Petr Ševčík

Personal information
- Date of birth: 4 May 1994 (age 32)
- Place of birth: Jeseník, Czech Republic
- Height: 1.72 m (5 ft 8 in)
- Position: Midfielder

Team information
- Current team: Zbrojovka Brno

Senior career*
- Years: Team / Apps / (Gls)
- 2014–2016: Sigma Olomouc / 13 / (0)
- 2014–2015: → Opava (loan) / 13 / (4)
- 2016–2019: Slovan Liberec / 59 / (2)
- 2019–2026: Slavia Prague / 109 / (8)
- 2025: → Jablonec (loan) / 12 / (2)
- 2026–: Zbrojovka Brno / 0 / (0)

International career^{‡}
- 2009–2010: Czech Republic U16 / 4 / (0)
- 2010: Czech Republic U17 / 2 / (0)
- 2012: Czech Republic U18 / 5 / (1)
- 2012–2013: Czech Republic U19 / 14 / (1)
- 2014–2015: Czech Republic U20 / 6 / (0)
- 2014–2017: Czech Republic U21 / 7 / (1)
- 2019–: Czech Republic / 17 / (0)

= Petr Ševčík =

Czech footballer (born 1994)

Petr Ševčík (born 4 May 1994) is a Czech professional footballer who plays as a midfielder for Zbrojovka Brno and the Czech Republic national team. Having made his debut in the Czech First League in 2014, Ševčík has played most of his club football there, aside from the 2014–15 season, when he played in the second level.

==Life==
Ševčík grew up in Supíkovice, where he also started to play football.

==Club career==
At the end of the 2013–14 Czech First League season, Ševčík started his career at Sigma Olomouc and made debuted as a second-half substitute in a 5–0 away loss at Sparta Prague. When Olomouc was subsequently relegated, he joined Opava on a half-season loan at the start of the 2014–15 Czech National Football League.

In the spring part of the 2015–16 Czech First League, Ševčík scored his first two league goals for Olomouc, but the season culminated in Olomouc's relegation for the second time in three seasons. After the end of the season, he was one of two players who left Olomouc to transfer to Slovan Liberec alongside teammate Jan Navrátil, where Ševčík signed a three-year contract.

Ševčík played for Liberec for two and a half seasons.
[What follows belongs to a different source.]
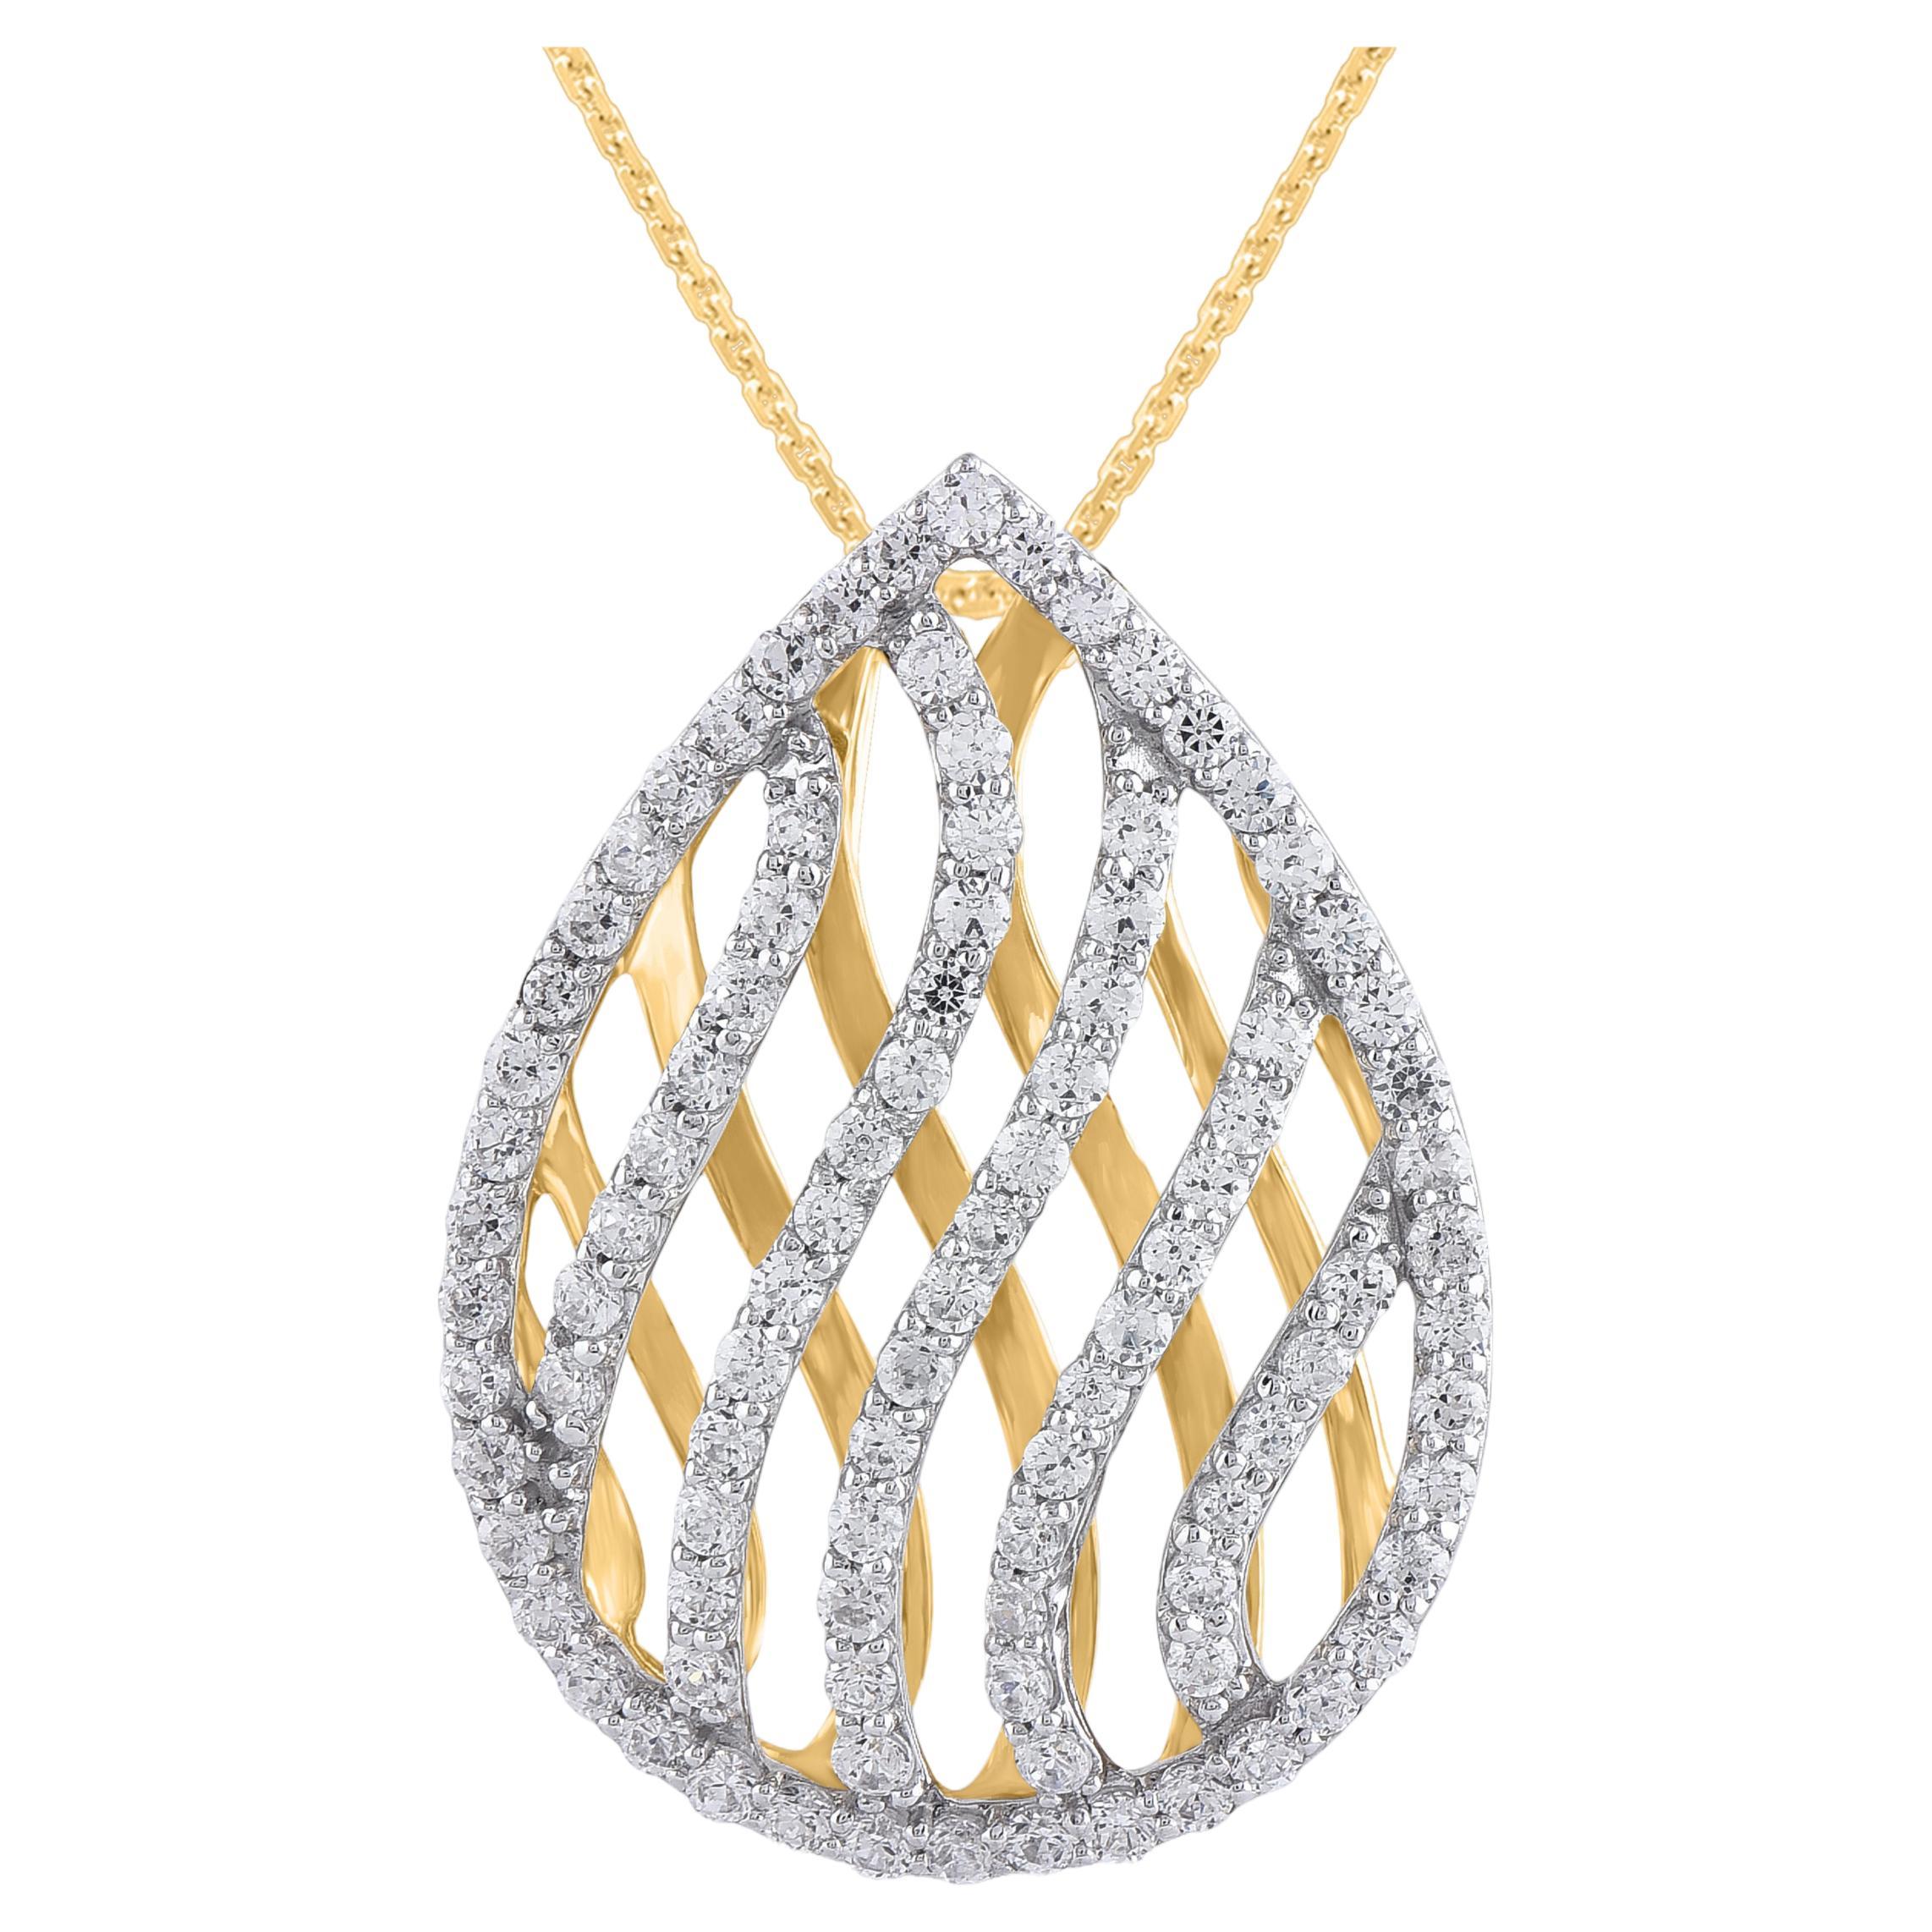  TJD 0.75 Carat Brilliant Cut Diamond Drop Pendant Necklace in 14KT Yellow Gold For Sale

His performances there led to interest from Slavia Prague and Sparta Prague.

In January 2019, Ševčík moved to Slavia Prague. On 18 April 2019, Ševčík scored a brace in the away second leg of the Europa League quarter-finals against Chelsea.

On 29 January 2025, Ševčík joined Jablonec on a half-year loan deal.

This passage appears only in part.